Task requirements |
Restate word for word only the lines running from the one with "Un campo de marfi&hellip;" to the end of the data, both ends included. Omit any pictures.

Data excerpt |
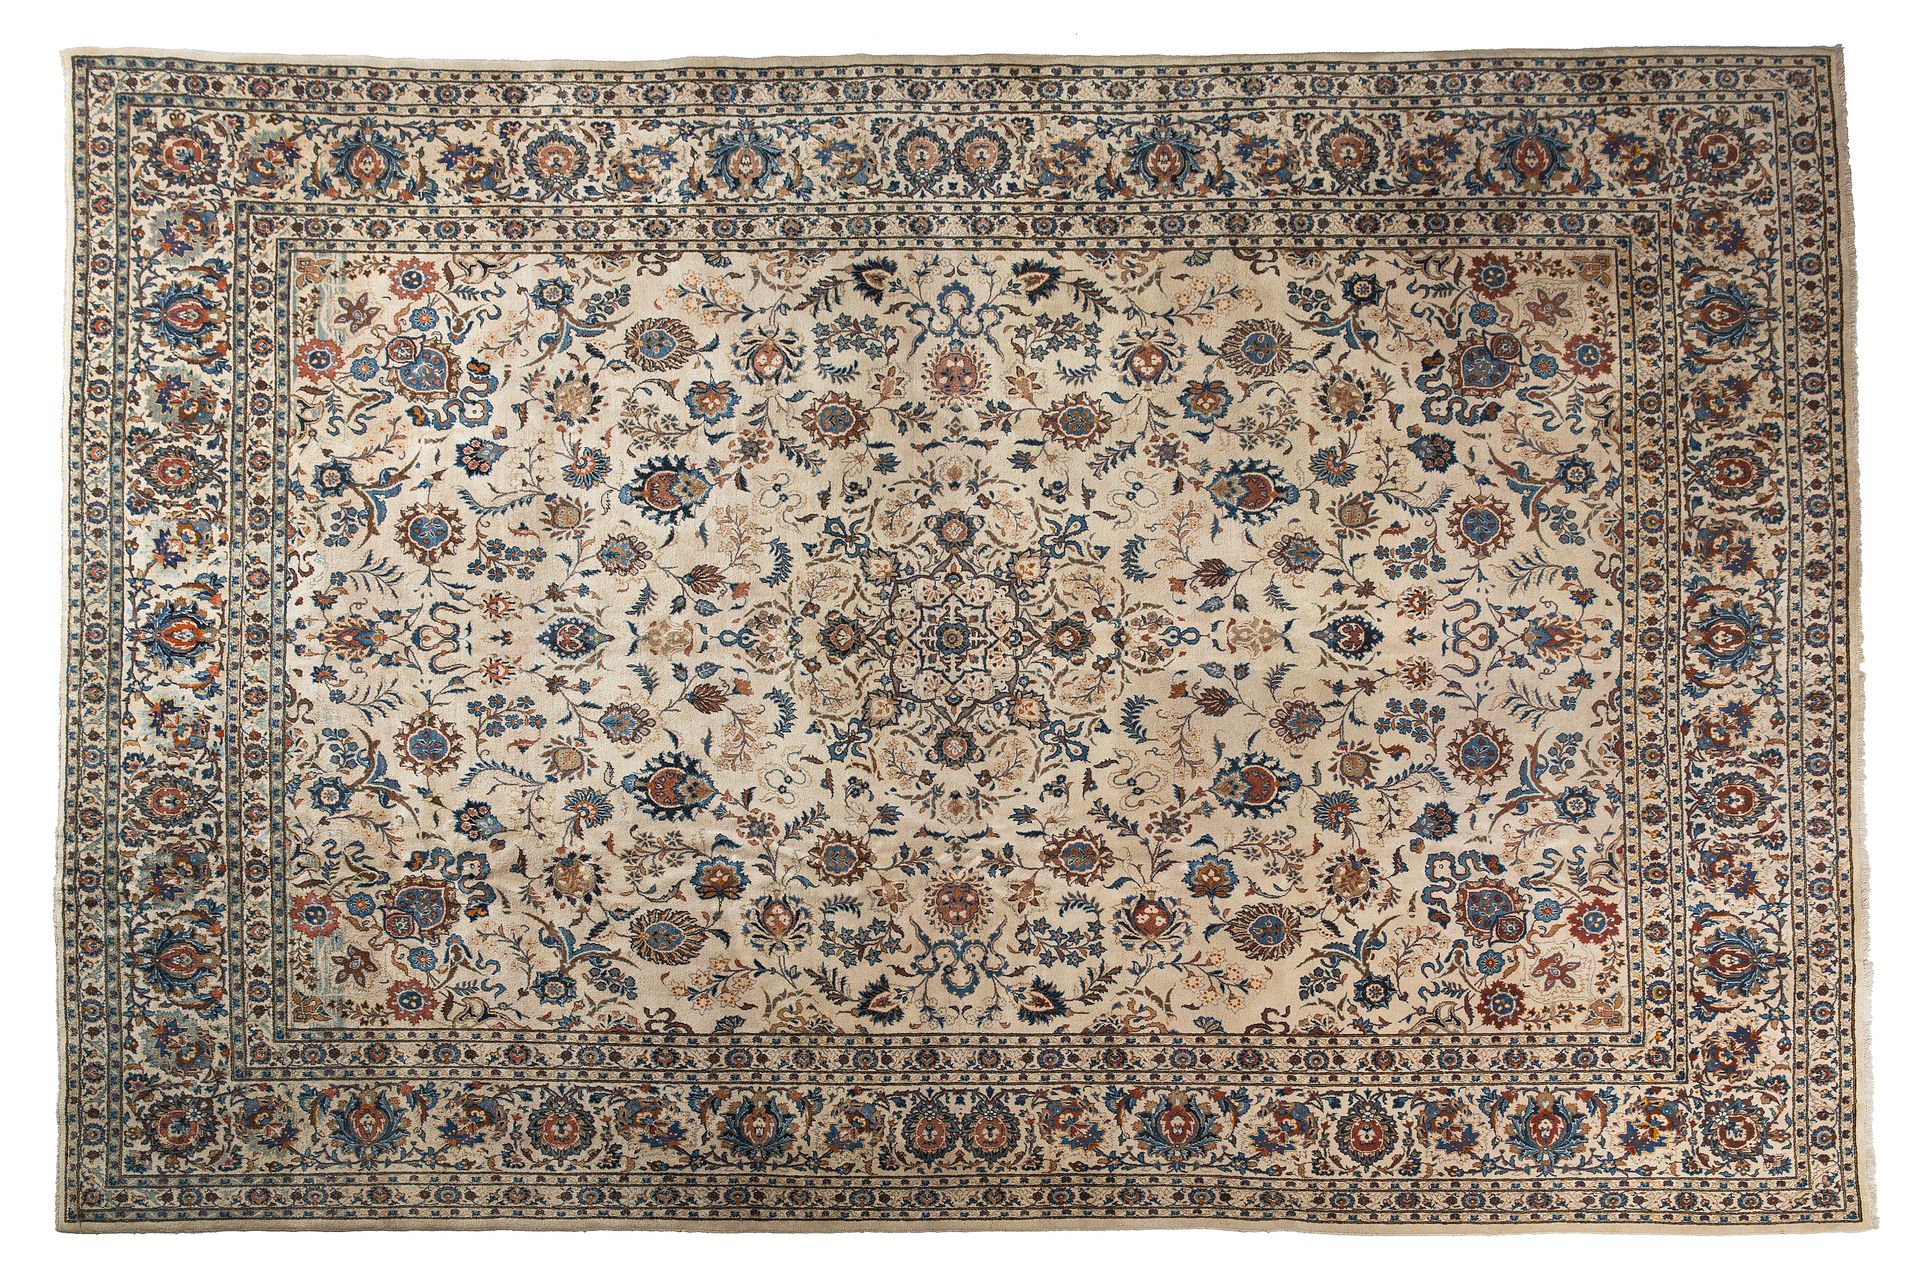 Null Importante alfombra KACHAN (Irán), mediados del siglo XX

Un campo de marfi&hellip;
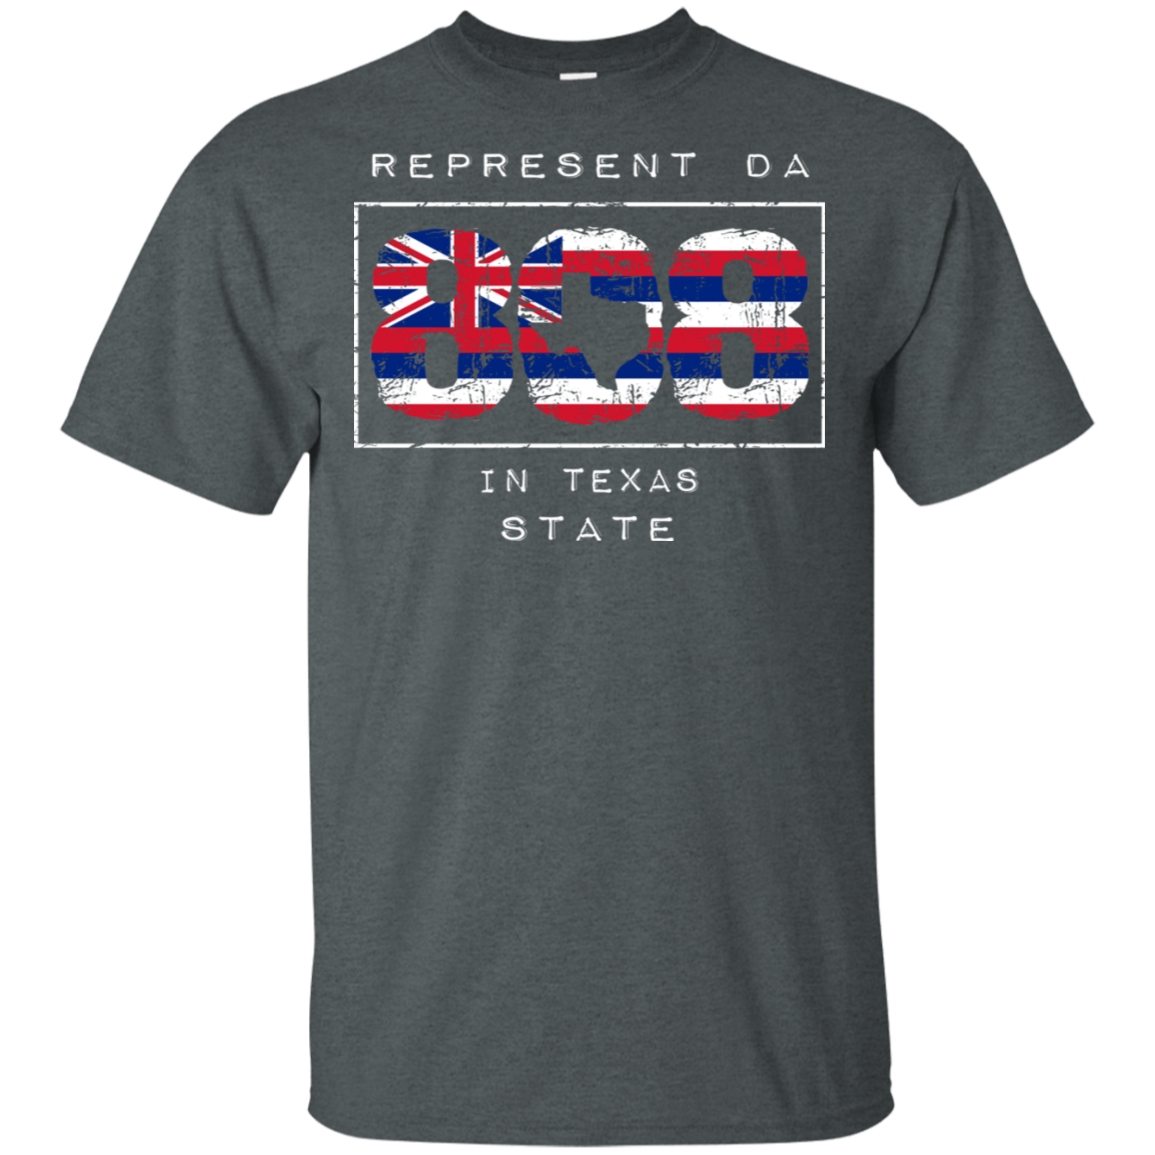 Rep Da 808 In Texas State Ultra Cotton T-Shirt, T-Shirts, Hawaii Nei All Day

Solved problem |
Un campo de marfi&hellip;
 Rep Da 808 In Texas State Ultra Cotton T-Shirt, T-Shirts, Hawaii Nei All Day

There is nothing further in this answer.